9. Presumption as to document in hand of obligator. [Illustration (i)]:
According to this Illustration it is a natural presumption that a man will protect his interests by securing his document before or at the time of discharging it. Where an instrument of debt and a security for it are in the hands of the debtor, the presumption would be that the debt must have been discharged and for protecting his interest the debtor obtained the document and security after discharging the debt. Section 114 of the Evidence Act cannot be relied upon to plead due discharge of obligor under document if it is in the hands of obligor.
114A. Presumption as to absence of consent in certain prosecutions for rape:
In a prosecution for rape under clause
(a) or clause (b) or clause (c) or clause id) or clause (e) or clause (g) of sub-section (2) of Section 376 of the Indian Penal Code, (45 of 1860), where sexual intercourse by the accused is proved and the question is whether it was without the consent of the woman alleged to have been raped and she states in her evidence before the Court that she did not consent, the Court shall presume that she did not consent.
Reasons for amendment:
The offence of rape has been defined in Section
375of the Indian Penal Code and punishment for which is prescribed in Section 376 of the same Act. When a case of rape has been committed the court has to decide whether sexual-intercourse was committed with or without consent of the prosecutrix. The consent theory that was in force for more than hundred years has been reoriented due to public resentment, because culprits usually escaped punishment. It has been very difficult on part of the court to draw correct inference from surrounding circumstances whether it was a case of rape with consent or without consent.

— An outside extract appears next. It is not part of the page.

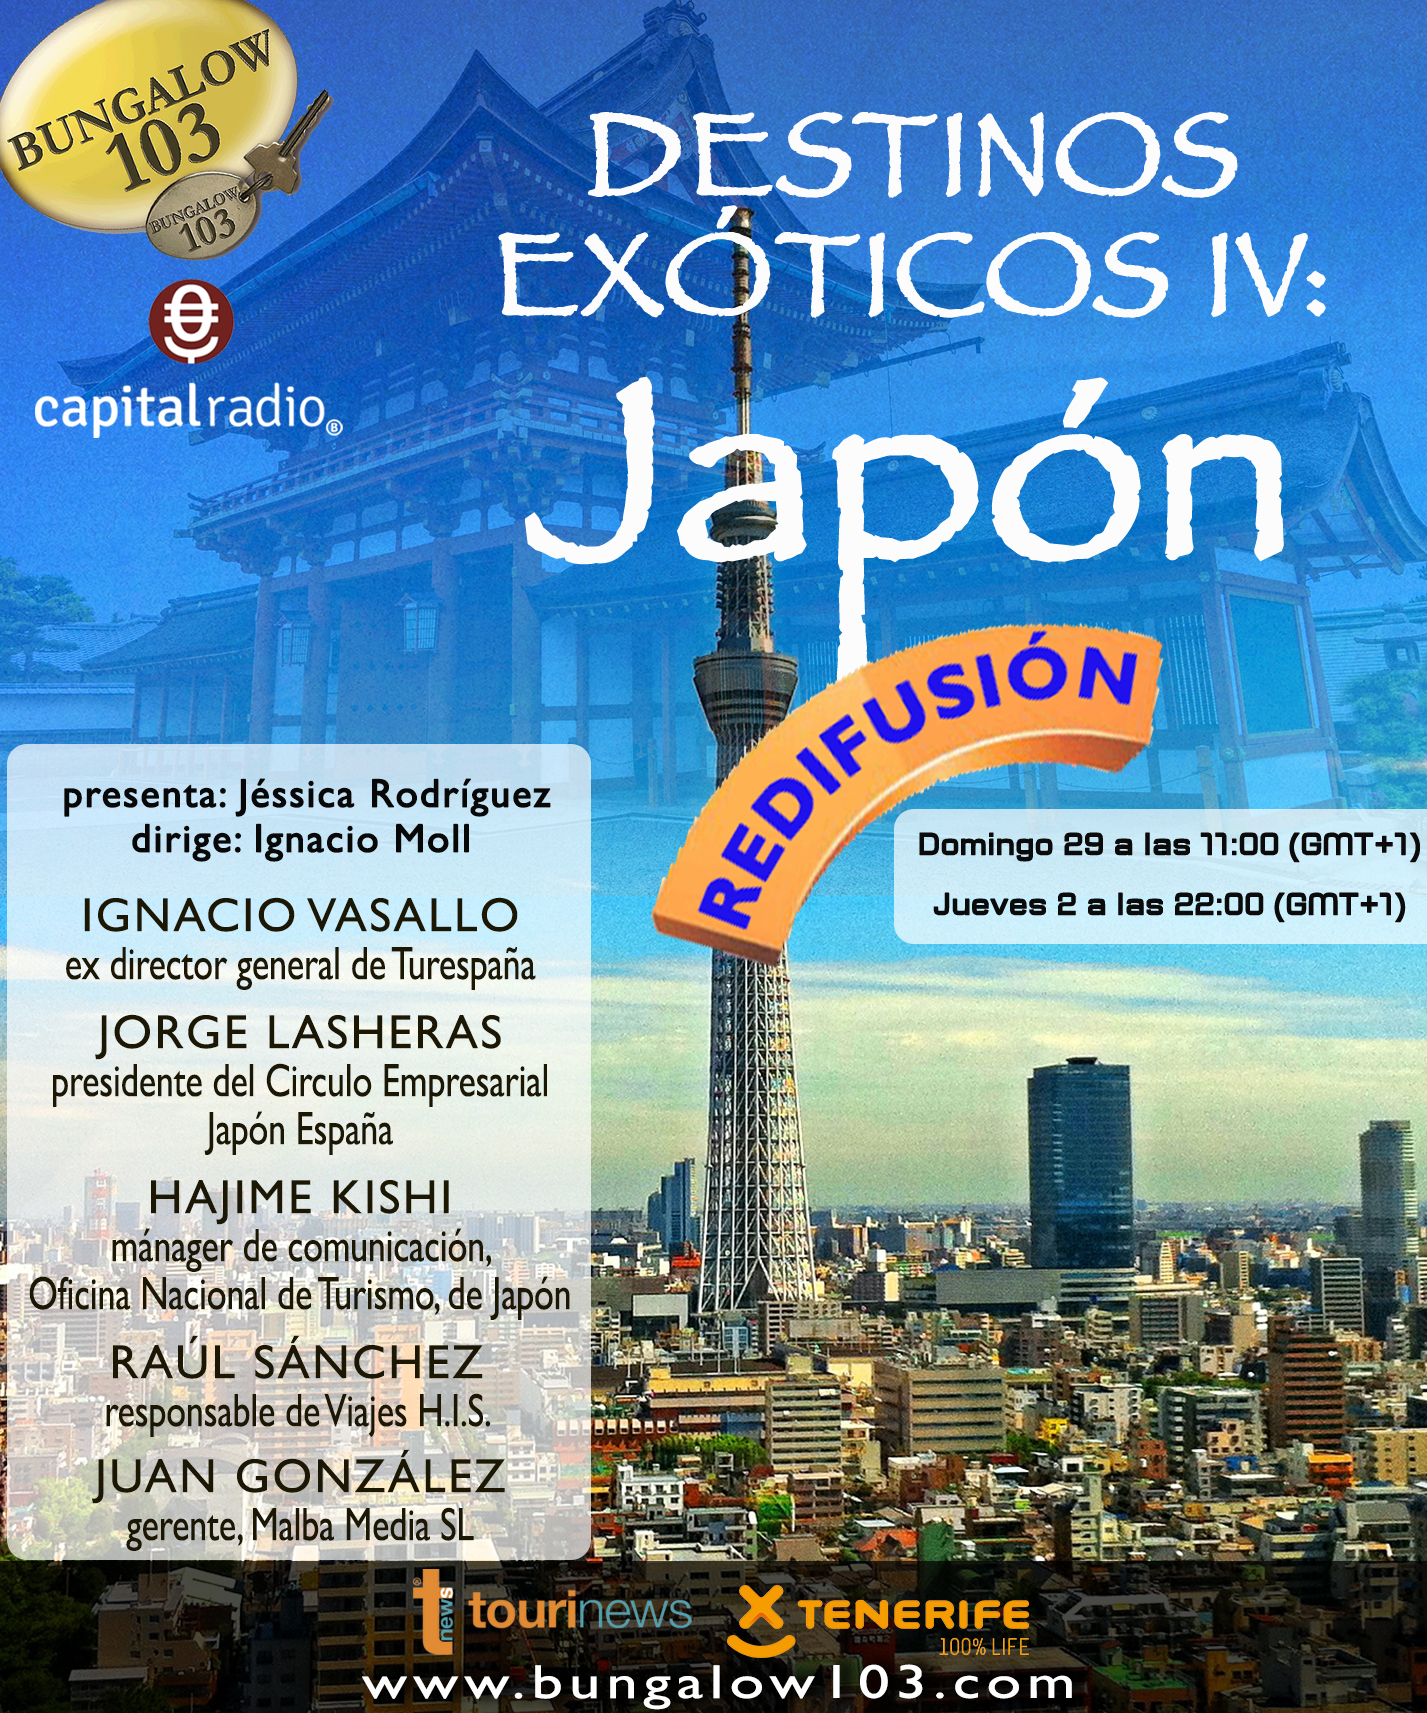 DESTINOS EXÓTICOS IV: JAPÓN

The accused usually used to take defense that it was consented rape and now the prosecutrix was shielding herself from public. Without any corroboration of the statement of the rape victim the accused would not have been punished. To annihilate the defense consent as well to dispense gender justice the amendment has been made whereby the court can presume that there was no consent given by the prosecutrix.
Under section 114A of the Evidence Act where the prosecutrix alleges that the accused had sexual intercourse with her and she did not consent the court shall regard that there was no consent. The evidence of the victim of rape alone is sufficient to prove absence of consent in a charge of rape. It is the accused to prove that the prosecutrix consented to sexual-intercourse. When a case of rape is committed the following presumptions under this section can be drawn:
(i) There has been sexual-intercourse;
(ii) Sexual intercourse with or without consent;
(iii) The prosecutrix did not consent.
The new section mainly deals with the last point i.e. (iii). As soon as the victim complains that she is raped, the burden of proving of consent would be shifted to the accused.

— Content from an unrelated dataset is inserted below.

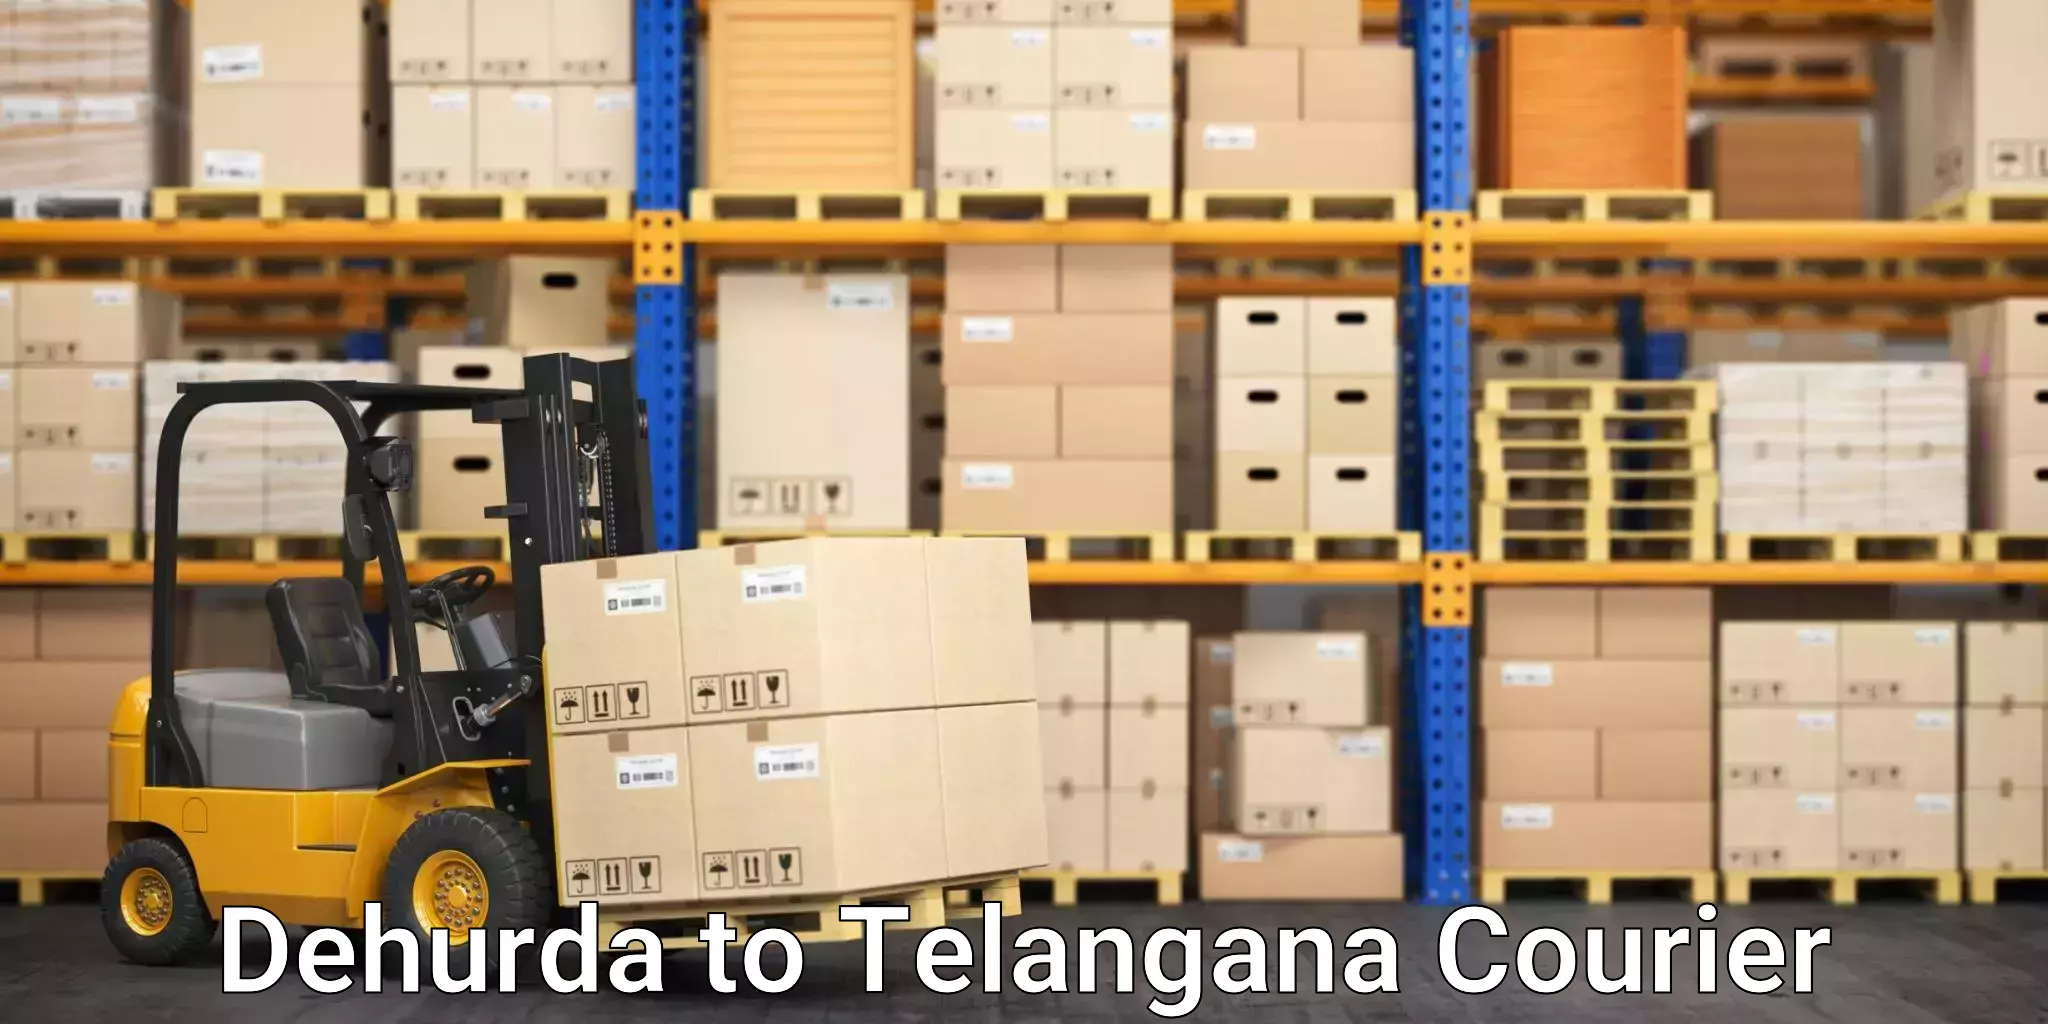 Retail shipping solutions Dehurda to Makthal

Most encouraging development has been the observation of the Supreme Court. It said that “‘keeping in view the social victimization and ostracization of the victim of a sexual offence it would be appropriate that in the judgments of courts name of the victim should not be indicated”. Regarding proof of non-consent it was also observed that the question of consent is really a matter of defense by the accused and it is for the accused to place materials to show that there was consent.
Presumption against allegations of consensual sex:
It was held that “whereas Sections 113A and 113B inserted in the Evidence Act by same amendment raise a clear presumption in favour of the prosecution but no similar presumption with respect of rape is visualised as the presumption under section 114A is extremely restricted in its application.”